▶ DATASET EXCERPT:
════════════════
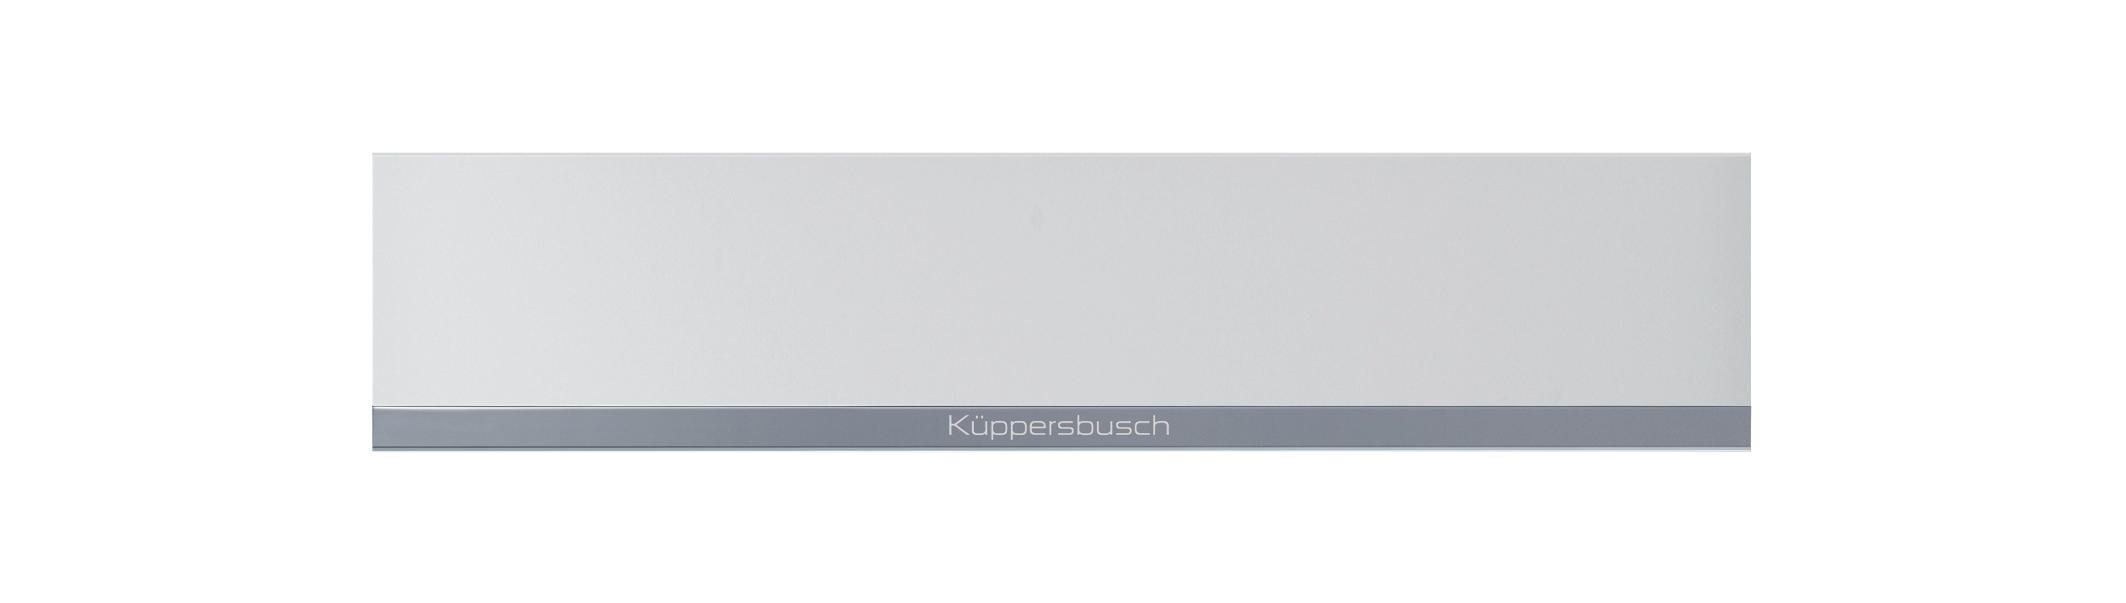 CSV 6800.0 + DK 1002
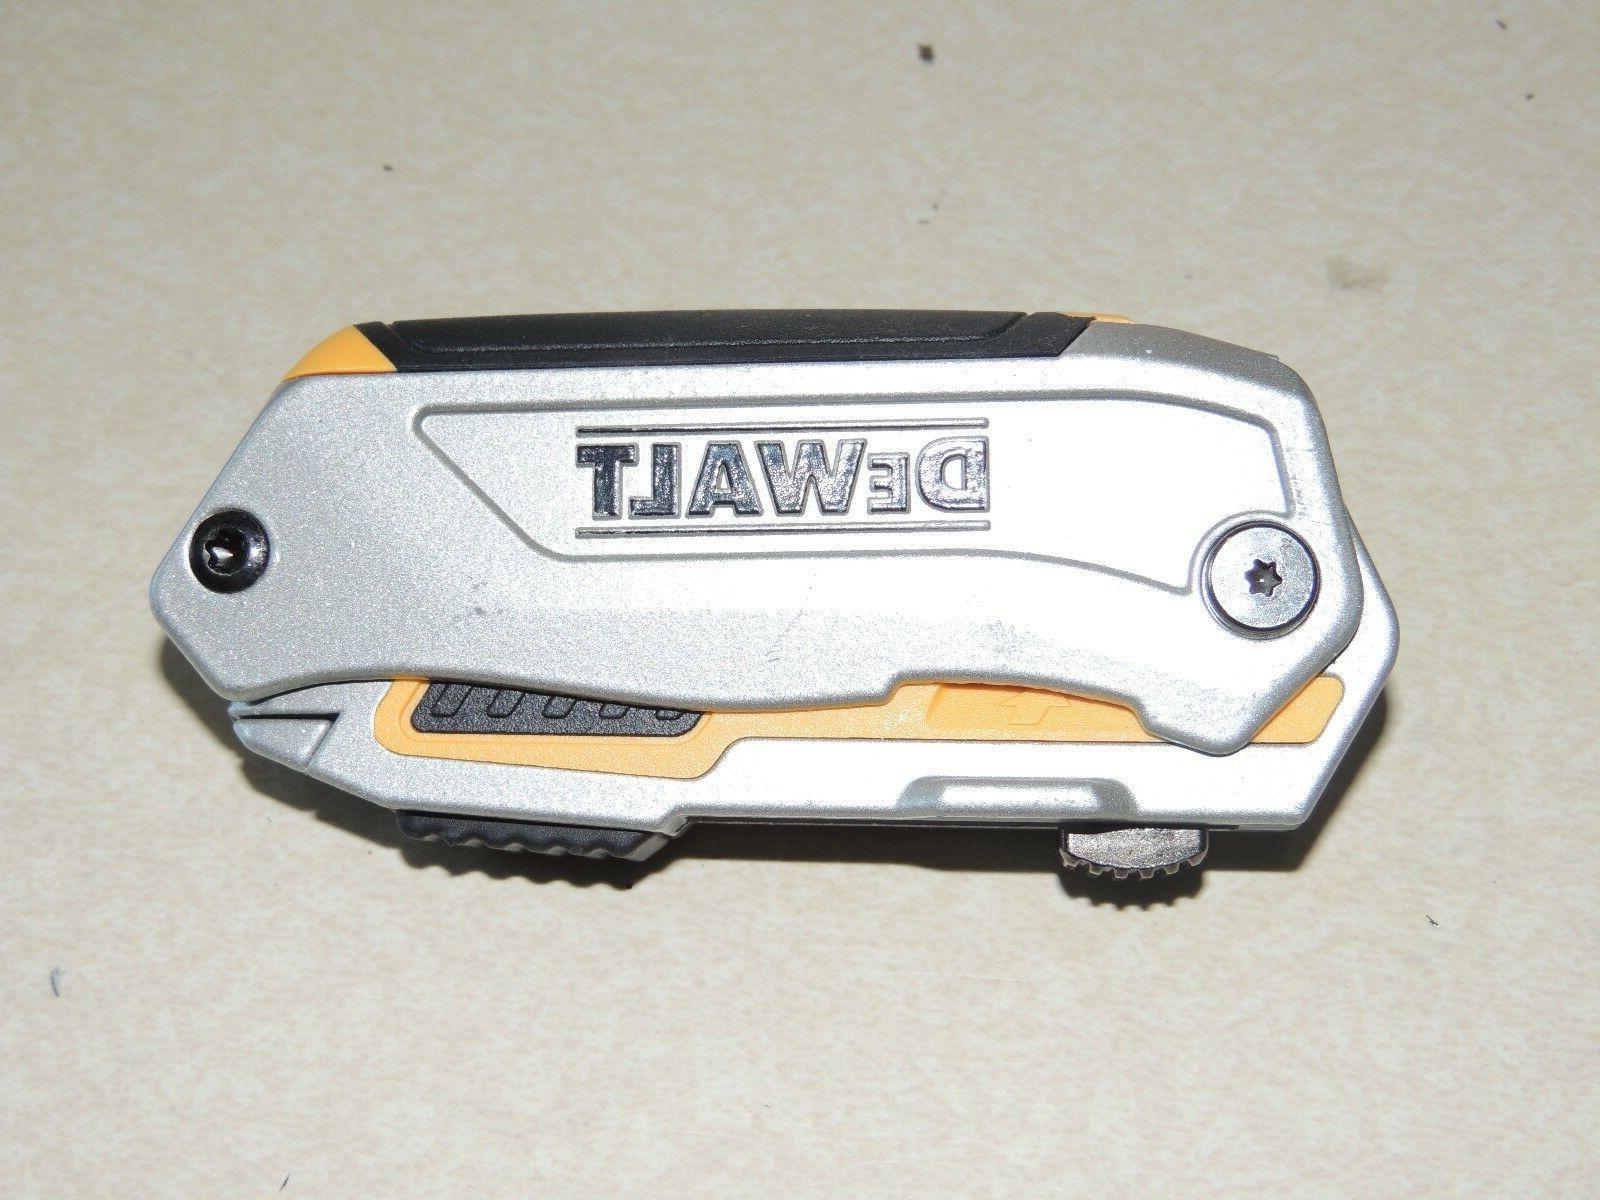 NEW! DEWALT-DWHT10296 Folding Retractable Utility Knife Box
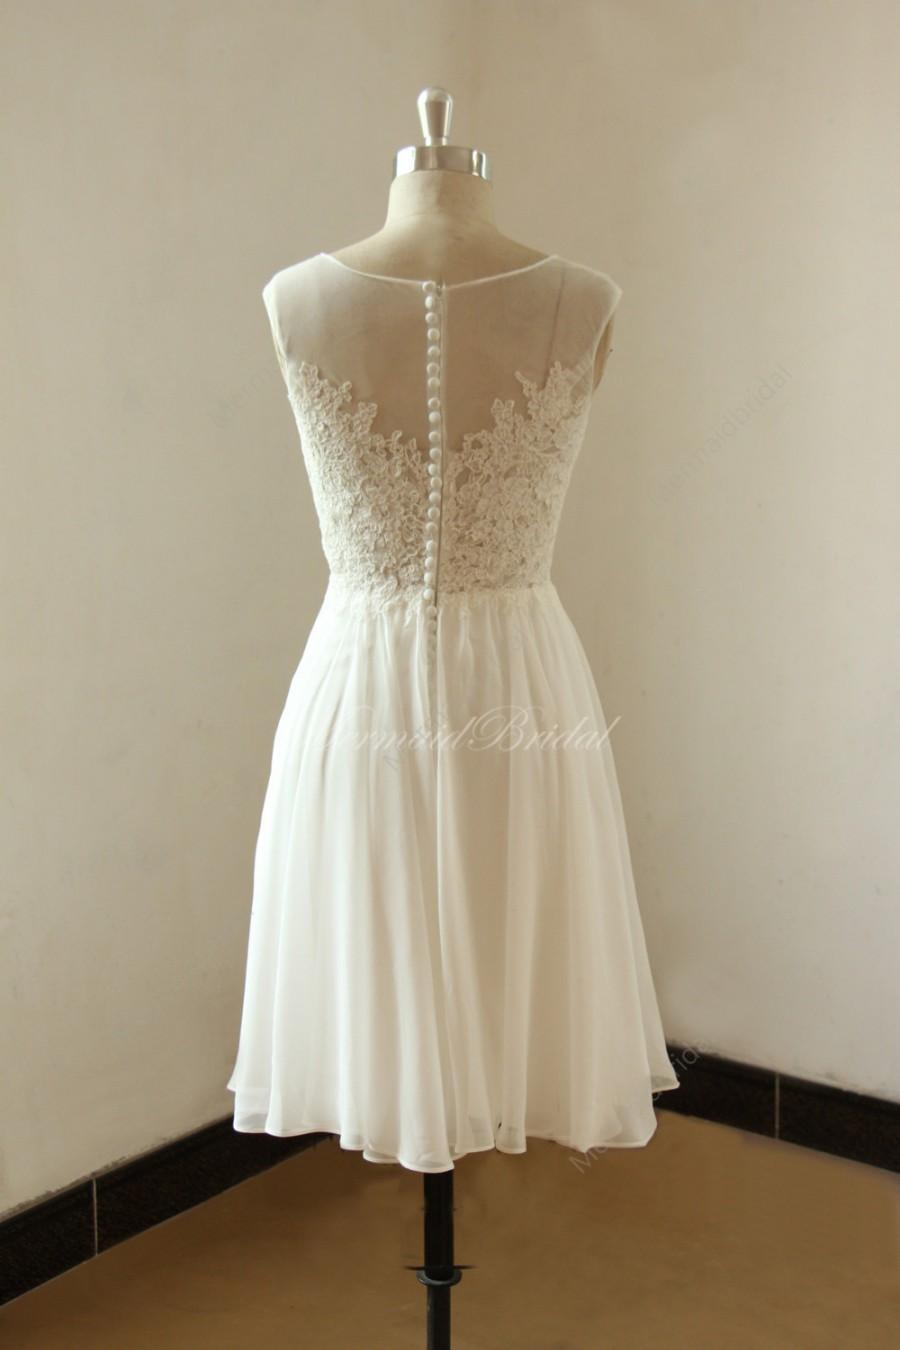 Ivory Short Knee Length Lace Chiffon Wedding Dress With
════════════════
▶ TASK DESCRIPTION:
For this exercise, transcribe the data exactly but without its pictures.

▶ SOLUTION:
 CSV 6800.0 + DK 1002
 NEW! DEWALT-DWHT10296 Folding Retractable Utility Knife Box
 Ivory Short Knee Length Lace Chiffon Wedding Dress With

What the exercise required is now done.